To summarize, while at various times subdued demand and/or higher availability have contributed to lower average prices, changes to the prices that generators offer their capacity into the market have also played their part.
Spot prices over the last few months were characterised by significantly reduced demand from the QCLNG plant in Gladstone, due to 2 months of planned and unplanned maintenance. There was also a one-month outage at the Iona gas storage facility for most of November, which contributed to price volatility. Iona often assists to balance spot gas demand in the market, which normally reduces volatility, as well as providing deeper, seasonal gas storage.
In early December, there was an unplanned QCLNG shutdown, with prices falling to below $12/GJ into late January.
These maintenance activities coincided with a mild start to summer, and historically low residential and power generation gas demand, which meant that the market was relatively over supplied. Some of this surplus gas flowed south, injecting to the Iona underground storage facility in preparation for winter.
At the end of the last gas market update, Iona had reached critically low inventory due to heavy storage withdrawals required to balance the southern market over winter last year. Inventory at the start of October was just over 12 PJ. At the start of February, storage inventory had reached over 22PJ, representing injections of about 10PJ over the past four months, despite a one-month outage at Iona when no gas was injected.
Iona is currently 4PJ fuller than it was this time last year, inventories recovering quickly after high usage across winter last year where 14.5PJof inventory was withdrawn in three months.
Now comparing the last seven years of Iona inventory across a full calendar year, Iona is the fullest it’s been for this time of year, at over 22PJ, or 90% capacity. At the current rate of storage injections of about 100TJ/d, Iona is forecast to be full by mid-March, well ahead of the winter withdrawal season, and well ahead of previous years.
With the ACCC’s forecast market shortfall over the balance of this year, Iona will be critical to keeping the market supplied, high injections over the last few months have provided an early inventory buffer, supported by mild residential load and power demand.
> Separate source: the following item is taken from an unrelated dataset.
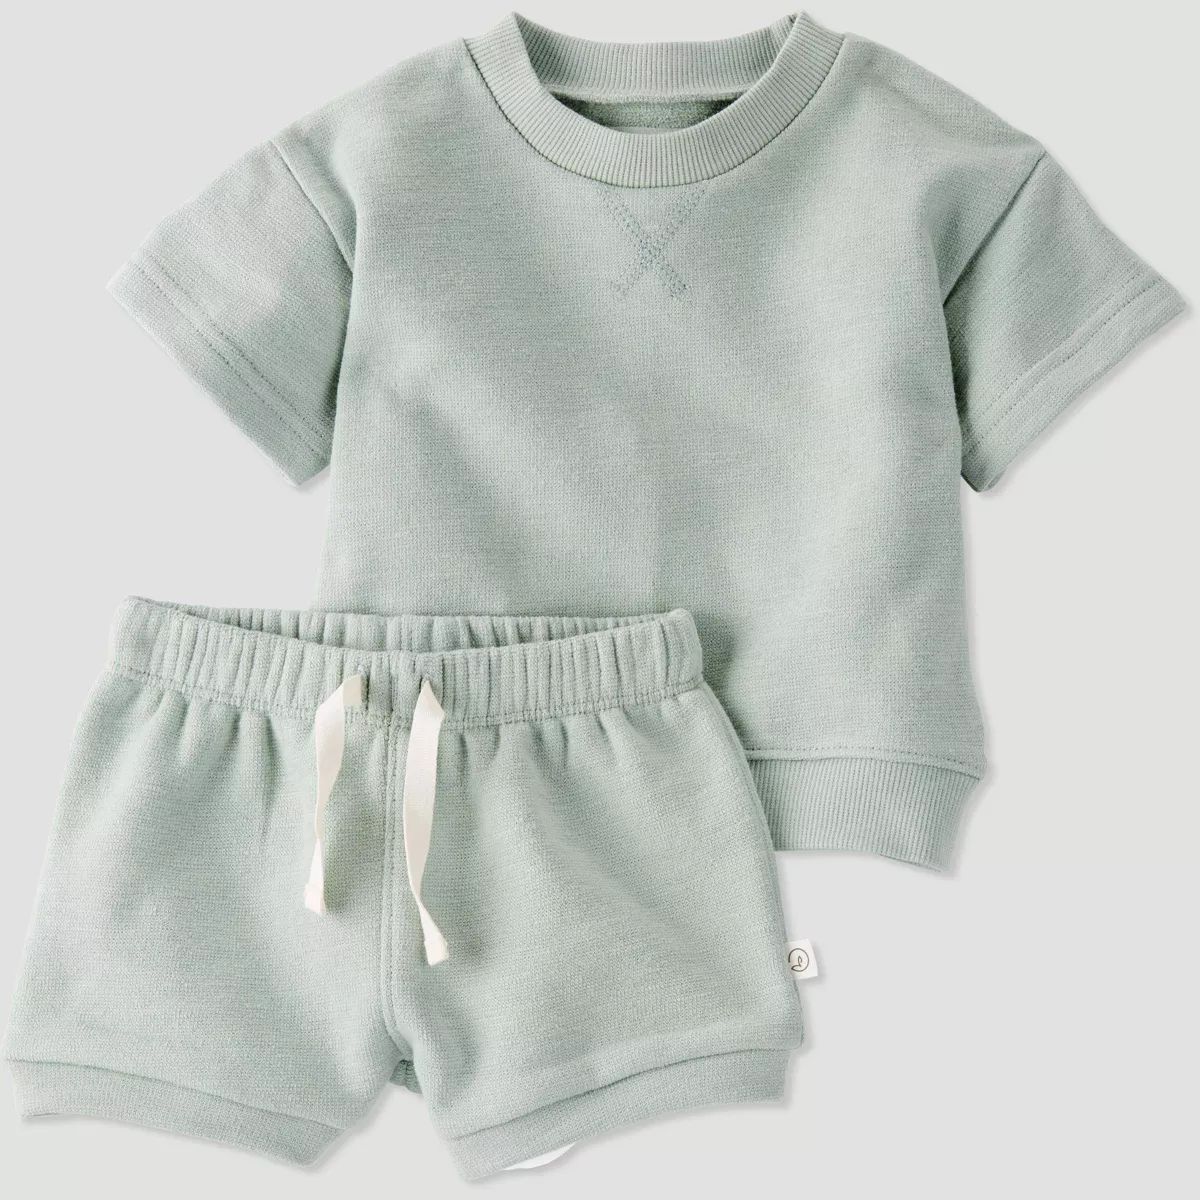 Little Planet by Carter’s Organic Baby 2pc Shorts Set - Green | Target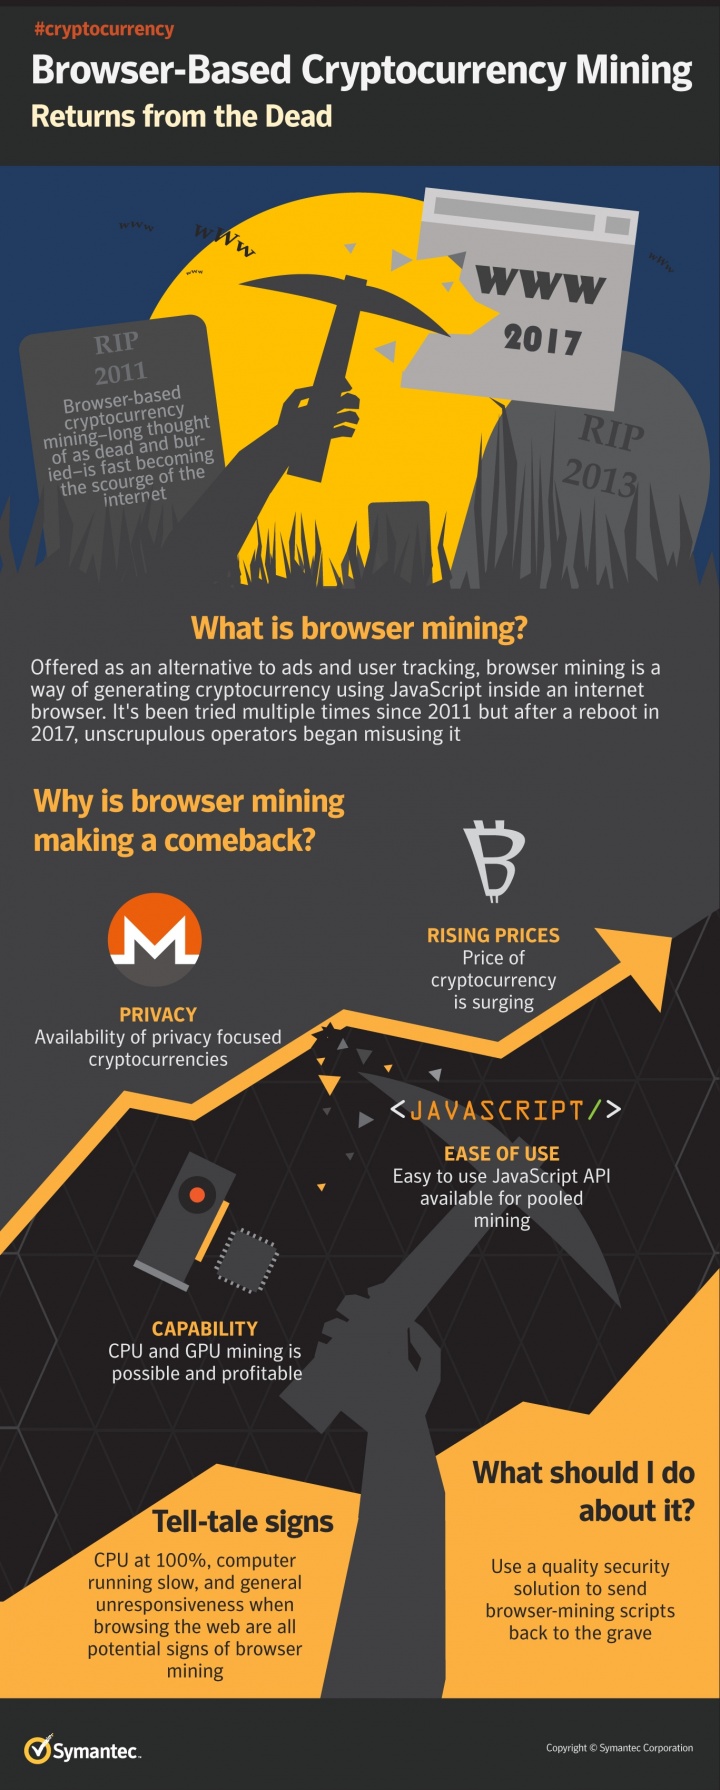 What is browser-based cryptocurrency mining, and how does it work?

Calendar year 2023 domestic forward prices commenced the quarter at around $30 per GJ, having rallied throughout most of 2022.
The federal government’s $12 price cap announcement on 9th December coincided with a sharp fall in calendar year prices, which almost halved overnight to $15/GJ. The price cap order commenced a few weeks later on 23rd December.
In January, the ACCC provided guidance on the price cap order, and the price differential between Northern and Southern markets widened. This location spread represents the market pricing in transport to move marginal gas from QLD to the southern markets, despite reduced trading liquidity.
Domestic gas for balance of year is trading between the $12 price cap and the current ACCC LNG netback price of around $25. Market liquidity has significantly decreased over 2023, 2024 and beyond, due to continued uncertainty over the impacts of announced and proposed legislation.